Pour ma part, j’entretiens avec “amour” une fabuleuse machine à café Gaggia Baby qui doit avoir 40 ans dans laquelle je mets le café de mon choix, qui me coûte 4-5 fois moins cher que les capsules Nespresso. Je n’hésiterai donc pas à payer >100% du prix d’une camelote neuve pour faire durer aussi longtemps qu’il est possible ma Gaggia! A noter que le prix de cette machine dans les années ’80 du siècle dernier représentait l’équivalent de CHF 1’500.- d’aujourd’hui. Il est normal que, à ce prix-là, elle soit entièrement et facilement réparable (quand bien même il n’y a plus de pièces d’origine depuis environ 20 ans)! De manière générale, je ne comprends pas comment on peut défendre l’idée que, pour réparer une machine de qualité, il ne faudrait pas dépenser plus que X% de la valeur à neuf d’une camelote! Si, au final, j’ai un appareil remis à neuf dont l’espérance de vie est supérieure à celle d’un neuf, il est parfaitement rationnel de payer au moins autant que le prix de ce dernier pour le faire réparer!

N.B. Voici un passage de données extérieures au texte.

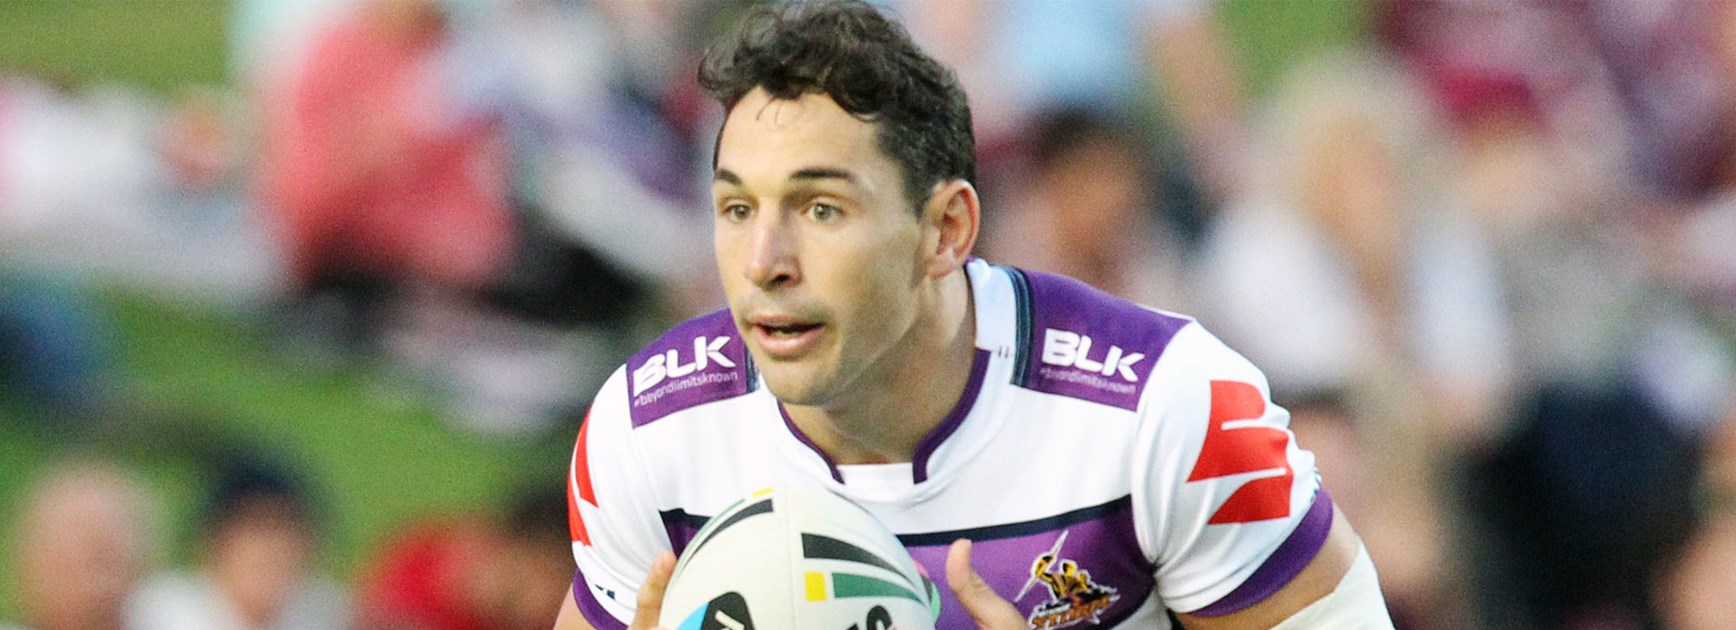 Billy Slater in action during Melbourne's Round 2 loss to Manly at Brookvale Oval.

Mais revenons au sujet qui nous occupe – et n’a pas fini de nous occuper – pour rappeler que l’essentiel de l’énergie consommée par une machine à café l’est pour chauffer l’eau à l’aide d’une résistance électrique (corps de chauffe) dont le rendement est par définition de 100% et ne peut être amélioré. Bien sûr, les nouvelles machines sont équipées de systèmes électroniques pour éteindre l’appareil après quelques heures sans utilisation et peuvent donc permettre des économies d’énergie dans les ménages peu soucieux du problème. Toutefois, l’OFEN le reconnaît lui-même, “arrêter
la machine après utilisation est plus efficace”. Une conclusion s’impose pour la machine à café et bien d’autres appareils, les faire durer sera toujours plus rationnel que jeter et racheter! Et cela vaut pour l’environnement comme pour le porte-monnaie.

5 réflexions au sujet de « Économiser l’énergie grise reste un défi majeur! »

  1. Complètement d’accord avec François Marthaler. D’autant plus que pour se poser la question réparer ou remplacer … en plus de l’énergie, il s’agit de tenir compte également de la pollution chimique, soit les substances toxiques envoyées dans l’eau, l’air et les sols lors de la fabrication.
    Et cette pollution-là n’est ni calculable, ni remédiable et surtout ni compensable par l’utilisation de l’objet en question. ! (Pour bien le comprendre, lire “Fonce Alphonse !” aux Edtions G d’Encre ou sur http://www.lachaussurerouge.ch).

    Merci à François Marthaler pour son travail, c’est précieux et tellement important.